Antithrombotic agents intake prior to injury does not affect outcome after a traumatic brain injury in hospitalized elderly patients.

作者信息

Julien Jessica, Alsideiri Ghusn, Marcoux Judith, Hasen Mohammed, Correa José A, Feyz Mitra, Maleki Mohammed, de Guise Elaine

机构信息

Department of Psychology, University of Montreal, Canada; Centre de recherche interdisciplinaire en réadaptation du Montréal métropolitain (CRIR), Canada.

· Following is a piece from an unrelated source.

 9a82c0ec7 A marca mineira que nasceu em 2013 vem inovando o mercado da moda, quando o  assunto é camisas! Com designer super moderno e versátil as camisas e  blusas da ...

Montreal Neurological Institute & Hospital, McGill University, Canada.

出版信息

J Clin Neurosci. 2017 Apr;38:122-125. doi: 10.1016/j.jocn.2016.12.032. Epub 2017 Jan 16.

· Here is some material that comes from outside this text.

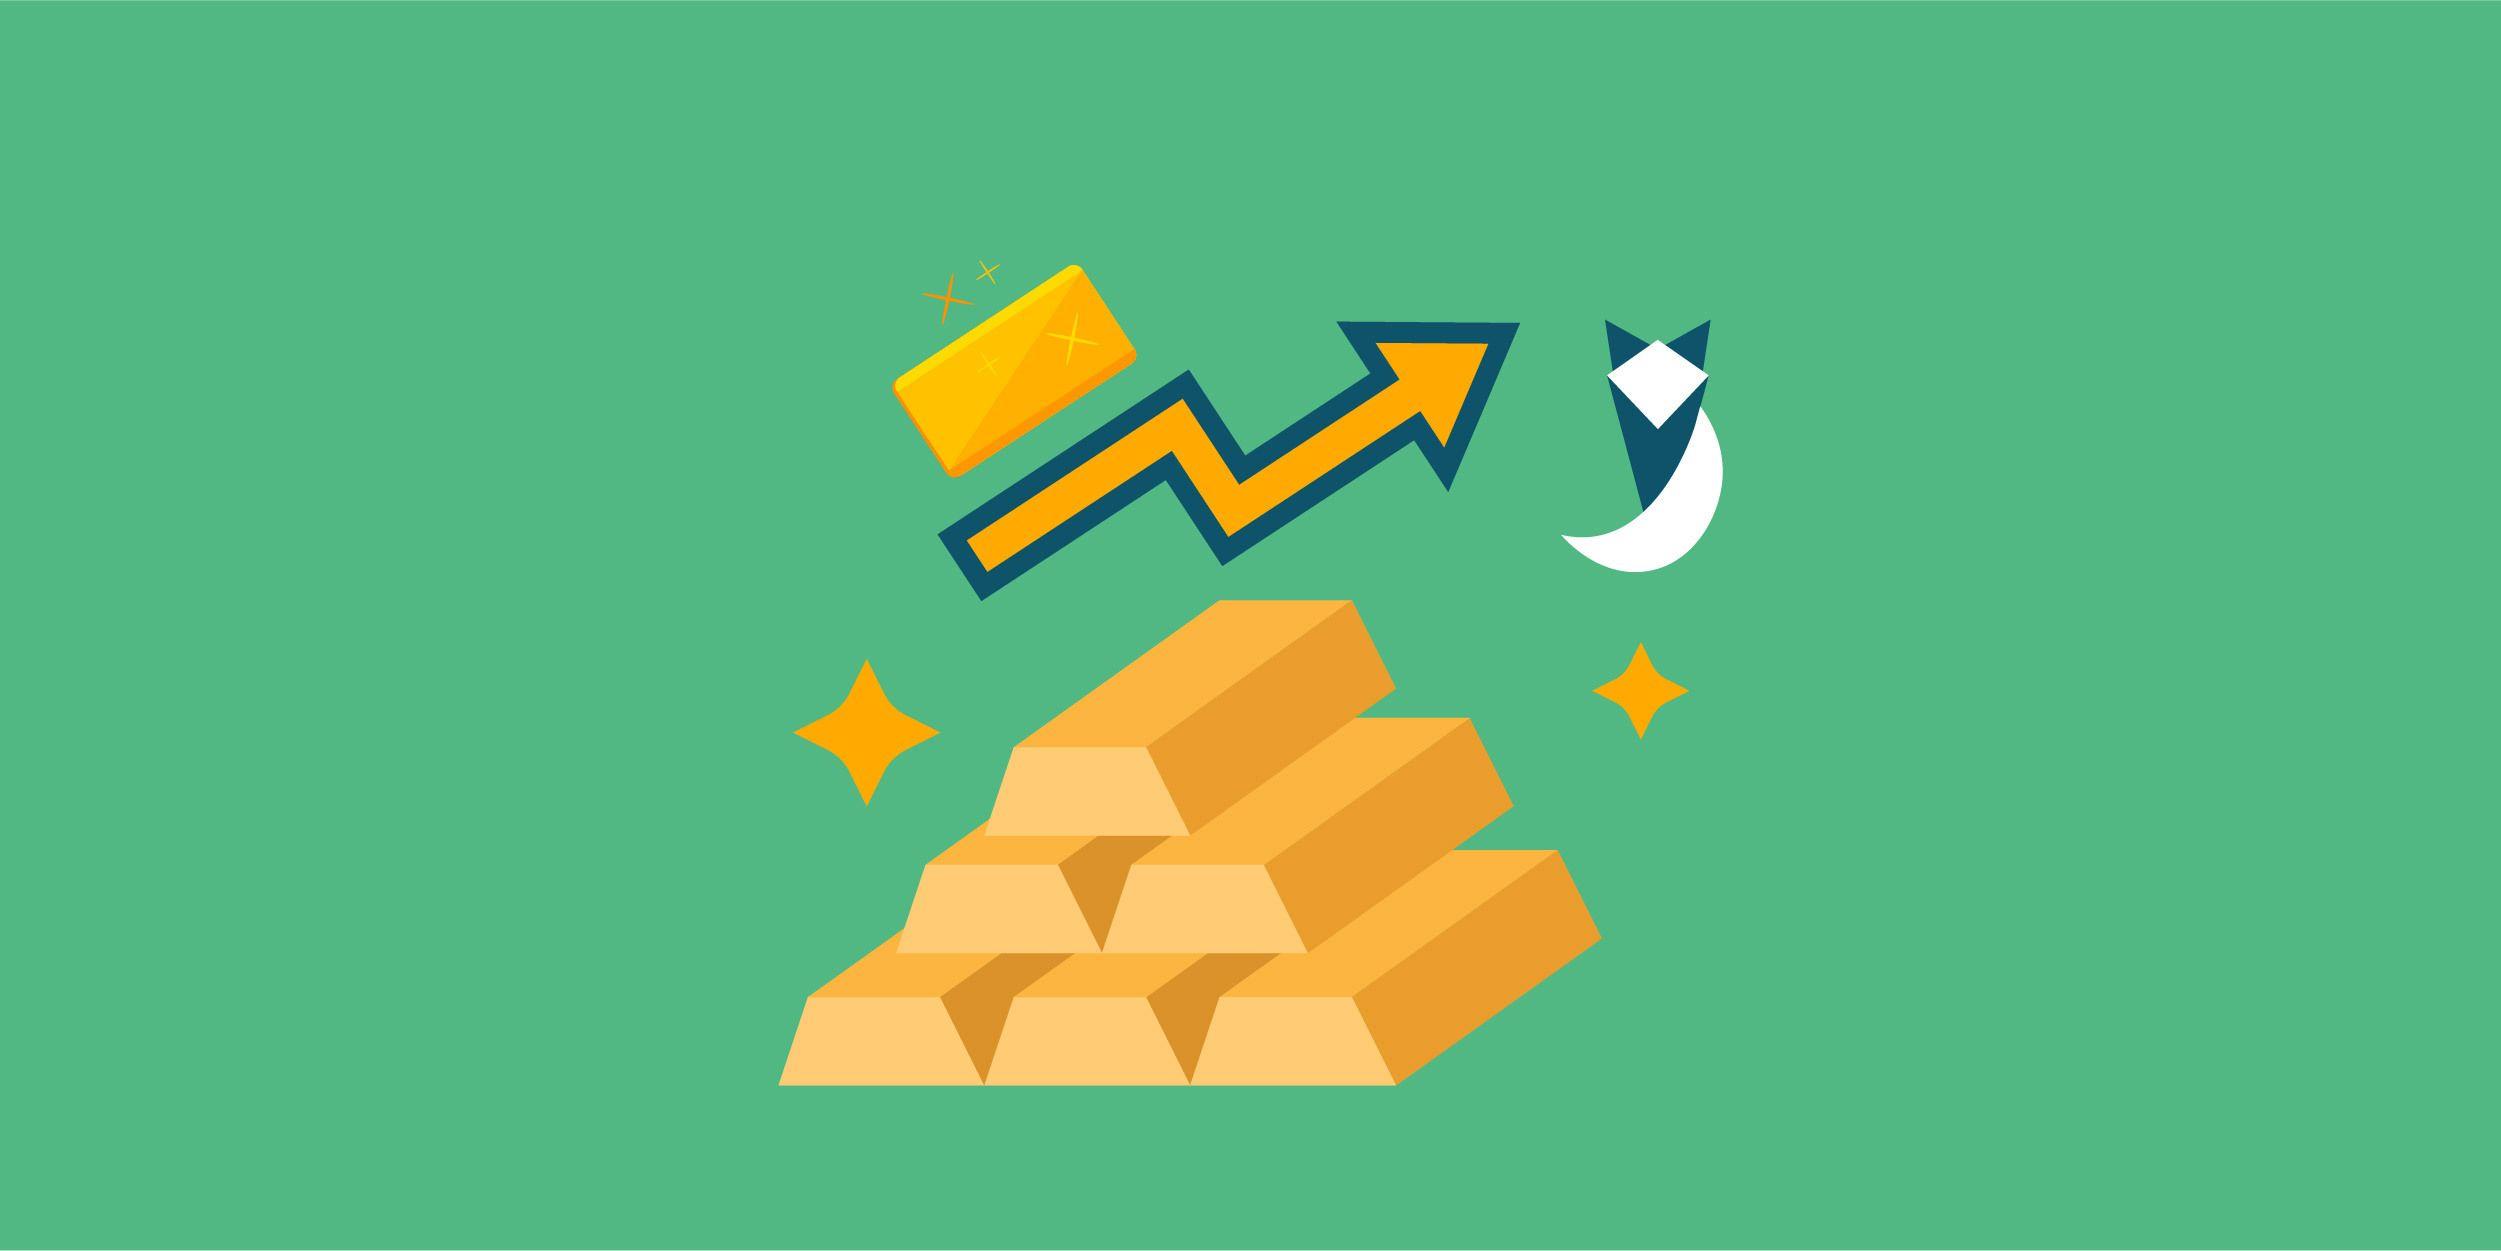 اعرف أسعار الدهب في مصر اليوم : الأحد 18 أبريل 2021

DOI:10.1016/j.jocn.2016.12.032
PMID:28110930
Abstract

BACKGROUND

The purpose of this study is to investigate the effect of risk factors including International Normalized Ratio (INR) as well as the Partial Thromboplastin Time (PTT) scores on several outcomes, including hospital length of stay (LOS) and The Extended Glasgow Outcome Scale (GOSE) following TBI in the elderly population.

METHODS

Data were retrospectively collected on patients (n=982) aged 65 and above who were admitted post TBI to the McGill University Health Centre-Montreal General Hospital from 2000 to 2011. Age, Injury Severity Score (ISS), Glasgow Coma Scale score (GCS), type of trauma (isolated TBI vs polytrauma including TBI), initial CT scan results according to the Marshall Classification and the INR and PTT scores and prescriptions of antiplatelet or anticoagulant agents (AP/AC) were collected.

RESULTS

Results also indicated that age, ISS and GSC score have an effect on the GOSE score. We also found that taking AC/AP has an effect on GOSE outcome, but that this effects depends on PTT, with lower odds of a worse outcome for those taking AC/AP agents as the PTT value goes up. However, this effect only becomes significant as the PTT value reaches 60 and above.

CONCLUSION

Age and injury severity rather than antithrombotic agent intake are associated with adverse acute outcome such as GOSE in hospitalized elderly TBI patients.

摘要

背景

本研究的目的是调查包括国际标准化比值(INR)以及部分凝血活酶时间(PTT)评分在内的风险因素对老年人群创伤性脑损伤(TBI)后多种结局的影响,这些结局包括住院时间(LOS)和扩展格拉斯哥预后量表(GOSE)。

方法

回顾性收集了2000年至2011年期间因TBI入住麦吉尔大学健康中心 - 蒙特利尔总医院的982例65岁及以上患者的数据。收集了年龄、损伤严重程度评分(ISS)、格拉斯哥昏迷量表评分(GCS)、创伤类型(单纯TBI与包括TBI的多发伤)、根据马歇尔分类法得出的初始CT扫描结果以及INR和PTT评分以及抗血小板或抗凝剂(AP/AC)的处方。

结果

结果还表明年龄、ISS和GSC评分对GOSE评分有影响。我们还发现服用AC/AP对GOSE结局有影响,但这种影响取决于PTT,随着PTT值升高,服用AC/AP药物的患者出现更差结局的几率降低。然而,只有当PTT值达到60及以上时,这种影响才变得显著。

结论

在住院老年TBI患者中,年龄和损伤严重程度而非抗血栓药物的使用与不良急性结局如GOSE相关。